How do you keep your employees safe and happy while also keeping customers satisfied and your business thriving? Here are key guidelines.
Many leaders are concerned about workers' "great resignation" in every industry and at every level, from hospitality and restaurant staff to corporate workers still absent from their physical workplaces. In addition, as a result of the current health crisis, employees are reexamining their priorities and leaving jobs that don't meet those needs.
However, it's very likely this shift was always meant to happen, given the pace of technological development is reshaping what our workplace looks like. Consider how different work today is from the workplace of 50 years ago. The workplace as we know it is changing beyond the point of return – this isn't the first time and it won't be the last time leadership faces employment crises on a massive scale.

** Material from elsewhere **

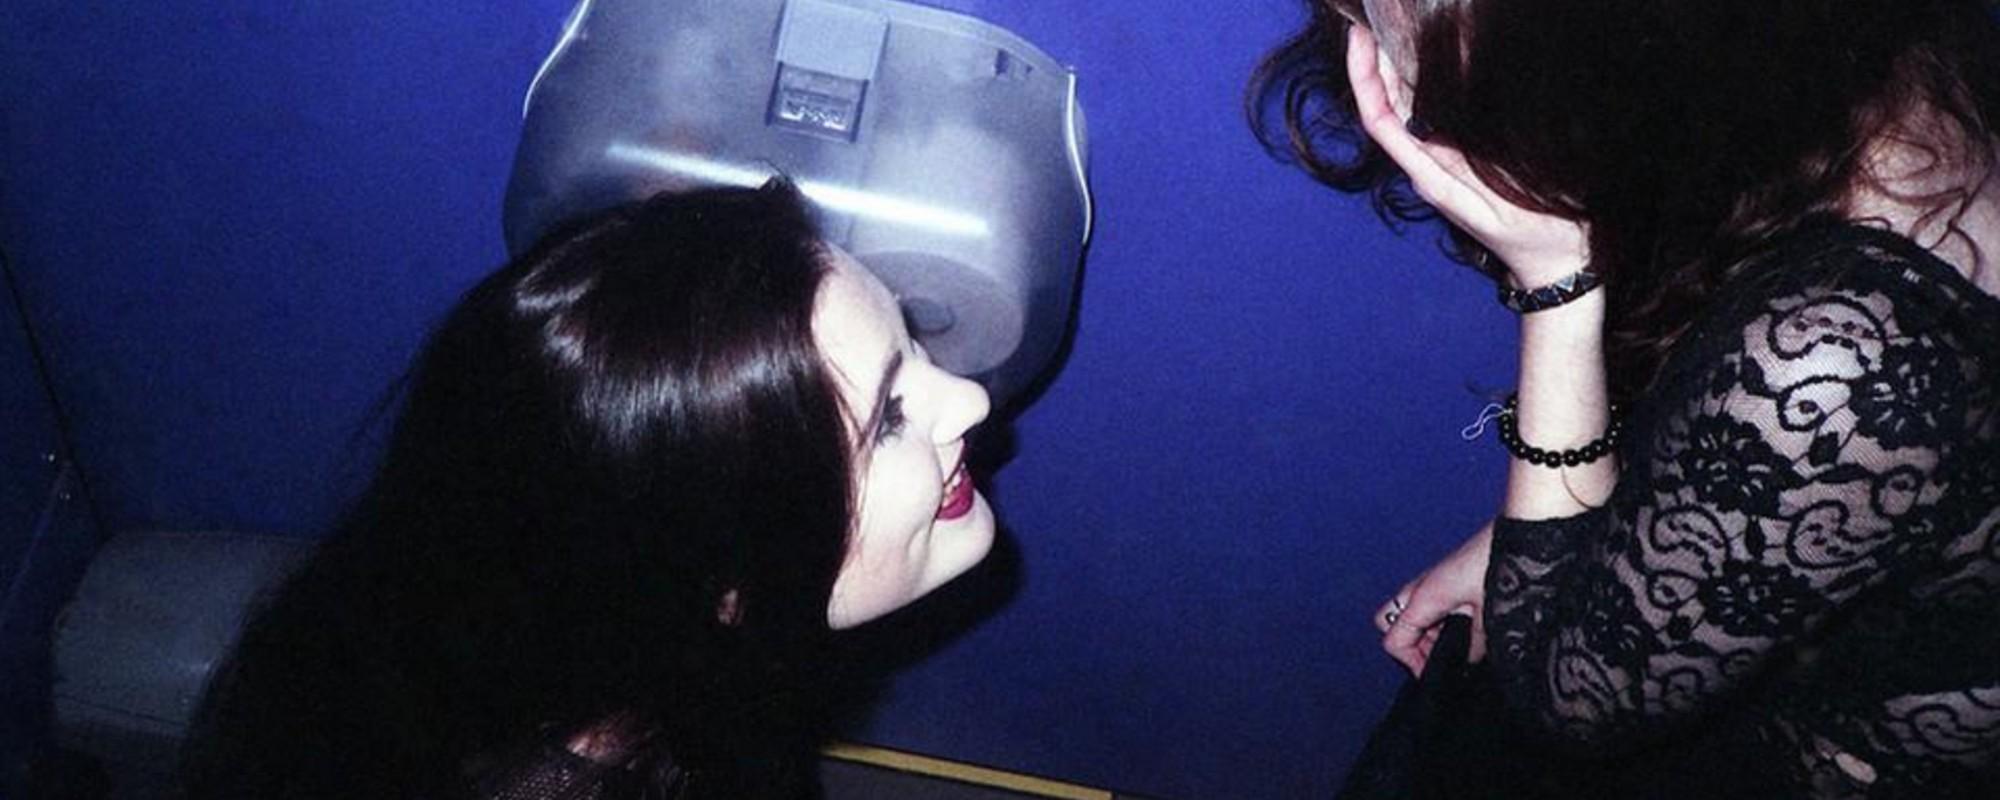 Lubię w klubie: zdjęcia z damskich toalet londyńskich klubów

As leaders consider the future of work, even as the current health crisis faces escalated threats in the coming months, how do you keep your employees safe and happy while keeping customers satisfied and your business thriving? Based on my nearly 30 years of experience as a serial entrepreneur, here are several guidelines I think will be key:
1. Listen and take care of your people and their families
Your employees are the front lines of your business, regardless of sector or industry. Especially in times of crisis or change, focus on taking care of your people first. If you take care of your people, they will take care of your clients, which will take care of your top business needs.
For example, Silicon Valley companies created campuses with full amenities to encourage employees to feel at home at the office and stay more focused on work. In the context of the current health crisis, this could mean leaders plan for new in-office resources and safety measures or provide childcare resources for employees who are parents and who may have a more challenging time finding childcare. My team sponsored a vaccination clinic for employees and their families at our office in India when vaccine access was a challenge, and we found that this was extremely effective in uniting and reenergizing our staff.

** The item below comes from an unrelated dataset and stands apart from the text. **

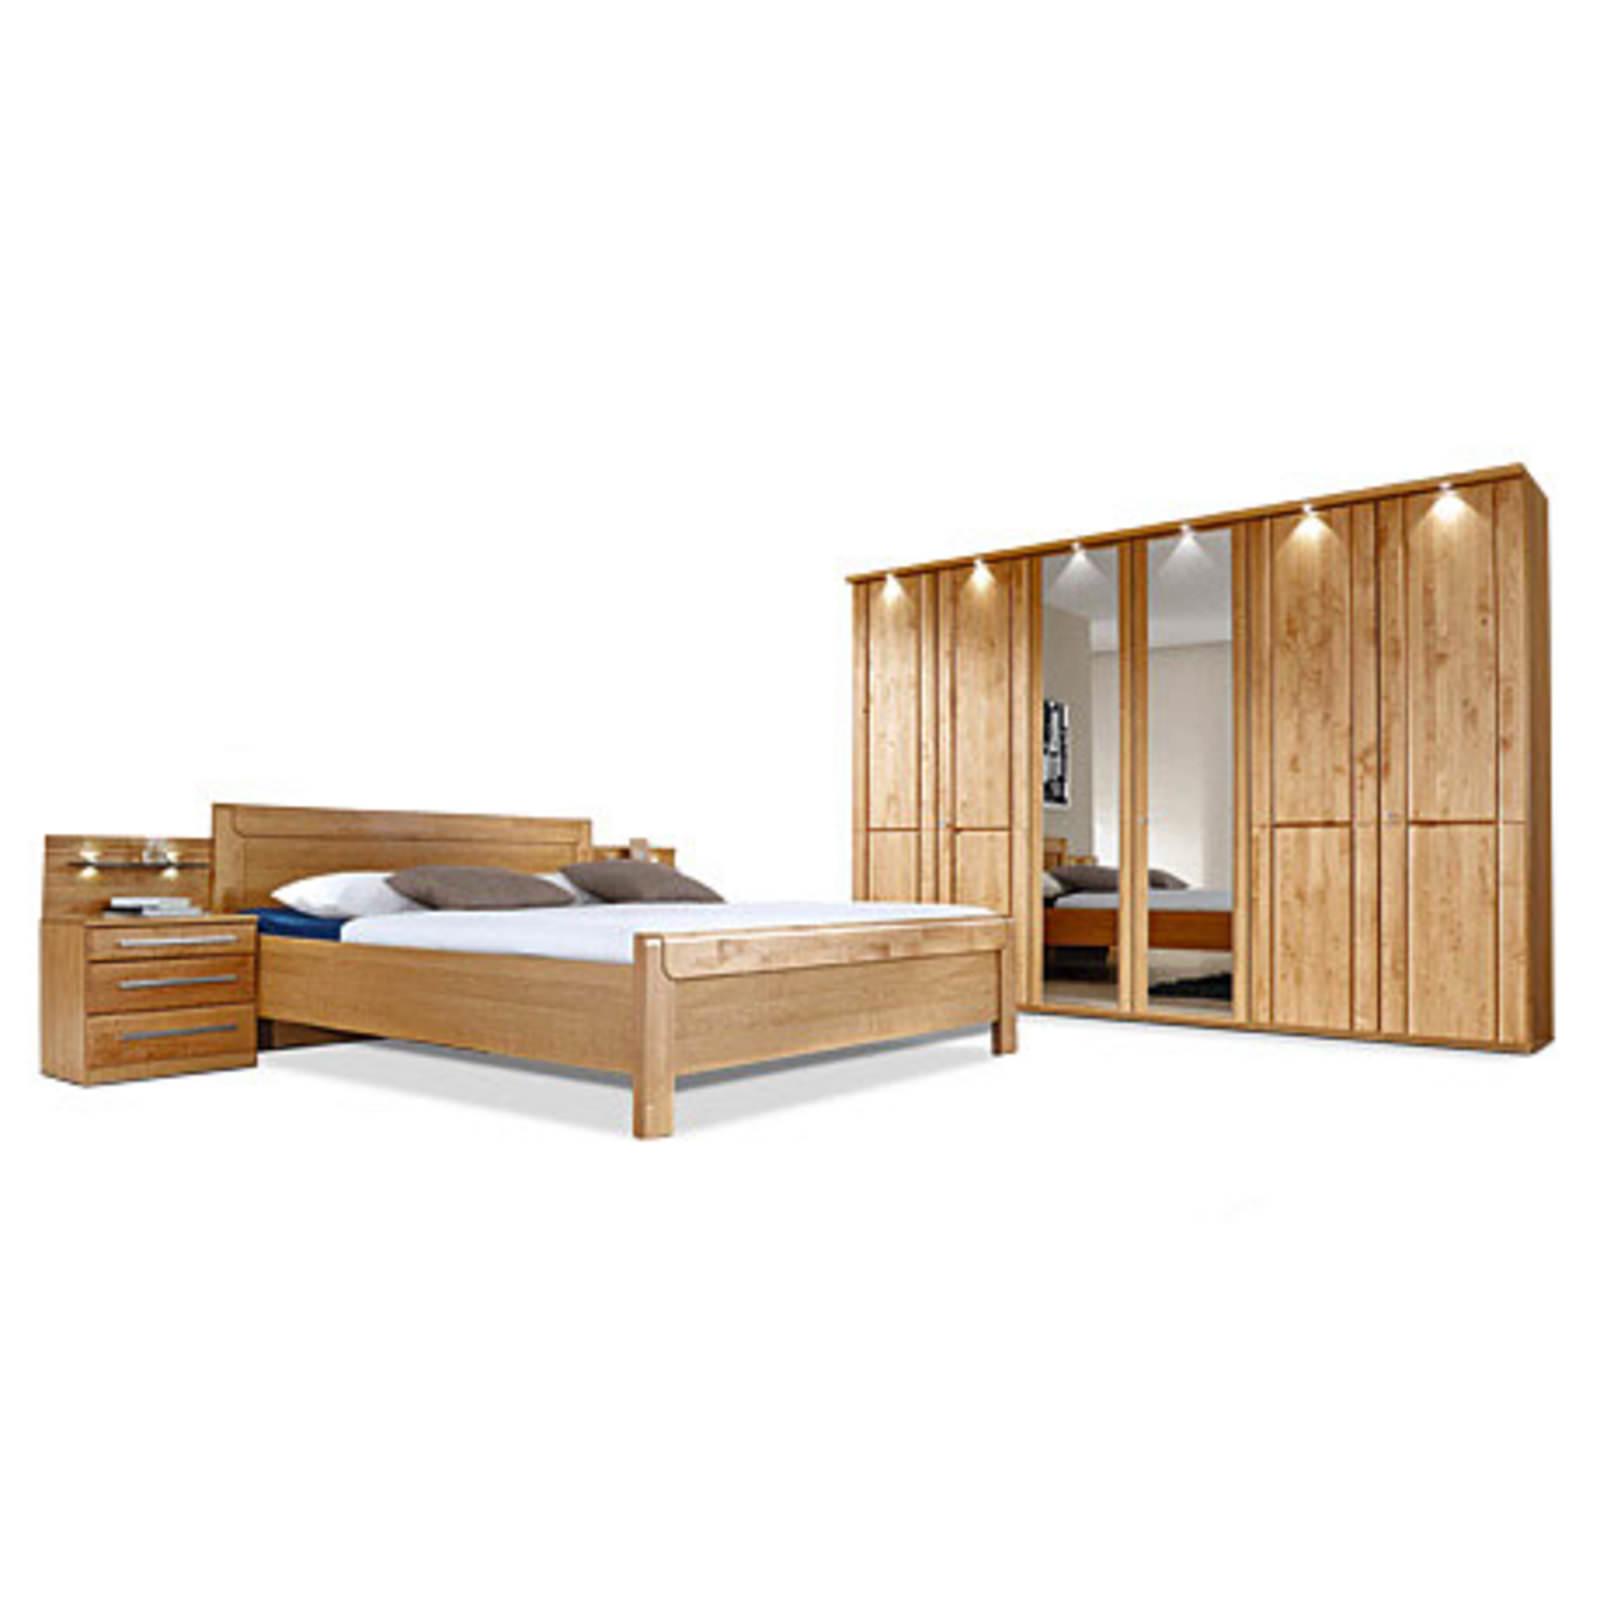 Schlafzimmer Kommode Mondo Lattenroste Starr Schlafzimmer Mondo

Employee care can mean something different at every company, so survey your teams to get feedback on their current needs, whether it's bonuses, flexible office setups, various technology tools, or more perks.
Early surveys and studies show clear generational differentiators that dictate employees' desires for their future workplace. For example, a June survey from The Conference Board found that 55% of millennial workers question the wisdom of returning to the office, a more significant proportion than older generations.

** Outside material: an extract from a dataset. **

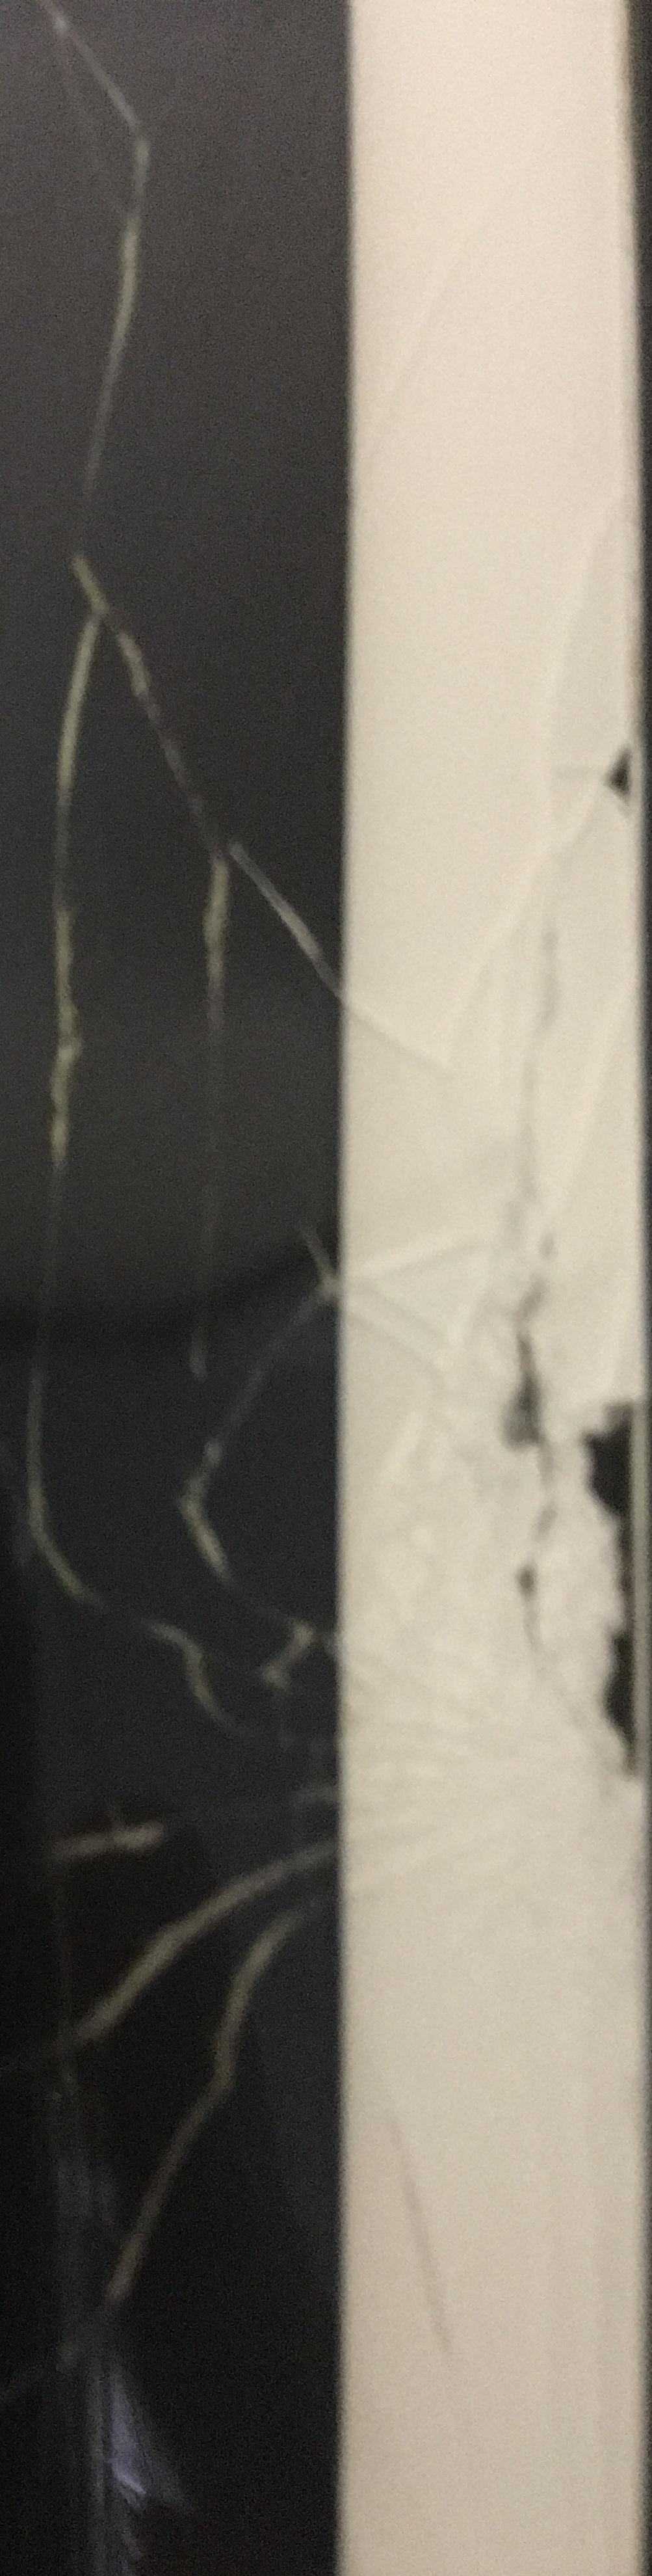 粉々に砕け散ってしまったiPad Airの画面

A clear trend is emerging: Older employees are excited to get back into the office and return to their familiar routines, keeping work and life in separate spaces. Younger Gen Z employees are also eager to return to the office – they want to learn on the job and be part of the mentorship connections that naturally happen more easily in the workplace. In the middle, the generation of employees in their mid-life and mid-career stages largely relished working from home during the past 18 months. Many are parents of young children who enjoyed the extra time gained from no work commuting.
A successful future of work plan should meet the needs of all three of these constituencies. Hybrid work plans, which many (but not all) companies have gravitated towards, can make it easier to meet the needs of each generational group. Yet, each workforce is different and these groups are weighted differently. Think critically about your people and figure out the right balance.
2. Make culture, innovation and community a return-to-work priority
It's undeniable that employees have proven themselves to be very productive remotely in many workplaces, and innovation has kept pace. Remote communication tools have made leaps and bounds in the past year and companies were forced to address digitalization plans, whether they were ready or not.
Keep that momentum to maintain your culture and high level of innovation in your return-to-office plans and beyond. Human connectivity is essential to keeping your teams engaged and coming back excited about work. Many large companies have internal interest groups, from special industry focus groups to committees to discuss race or gender at the organization or within a specific industry.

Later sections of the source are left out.